If you have a DNA test:

• Check for variants in key genes like WNT4, GREB1, and VEZT. While no single SNP predicts endometriosis, a pattern of risk alleles across multiple loci can inform your overall susceptibility.
• Upload your raw DNA data to tools like GenomeInsight to explore your genetic profile across reproductive health markers.
• Polygenic risk scores for endometriosis are an active area of research and may become clinically useful as GWAS datasets grow (Rahmioglu et al., 2023).

For everyone:

• Advocate for faster diagnosis. The 7-to-11-year diagnostic delay is unacceptable, and part of closing that gap is understanding that endometriosis has a biological -- not just behavioral -- basis.
• Stay informed about emerging treatments.
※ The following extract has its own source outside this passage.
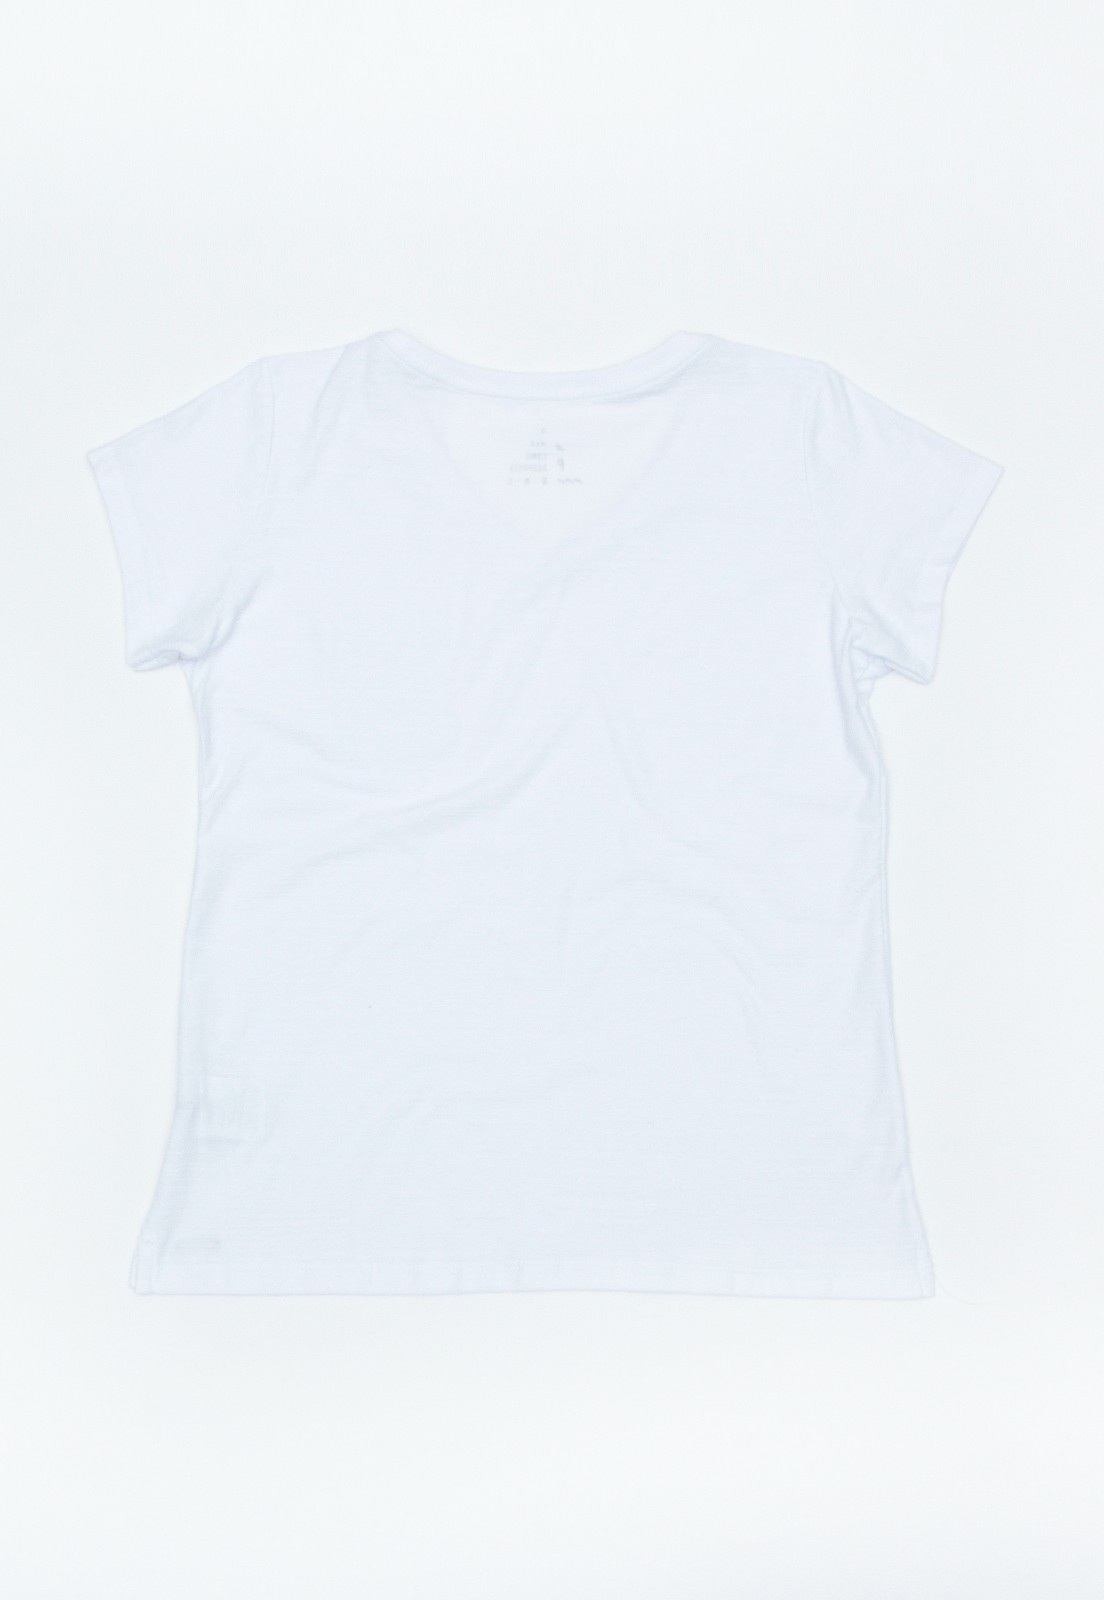 Camiseta Feminina Eco Basic Branca

Genetic research is identifying drug targets in estrogen metabolism and inflammatory pathways that could lead to more precise therapies.
• Consider genetic testing for related conditions like BRCA-associated cancer risk, since some endometriosis risk loci overlap with breast and ovarian cancer susceptibility regions.

Key Takeaways

• Endometriosis is approximately 51% heritable, with genetic factors playing a role comparable to many well-known "genetic" diseases.
• Having a first-degree relative with endometriosis increases your risk 7 to 10 times over the general population.
• GWAS have identified 42+ genomic loci associated with endometriosis, with key genes including WNT4, GREB1, VEZT, and ESR1.
• Most risk genes cluster around estrogen signaling, cell adhesion, and inflammation -- the core biological pathways driving the disease.
• Family history and genetic data can support earlier diagnosis, potentially cutting years off the current 7-to-11-year average delay.
• Exploring your DNA data for reproductive health variants is a practical step toward understanding your personal risk profile.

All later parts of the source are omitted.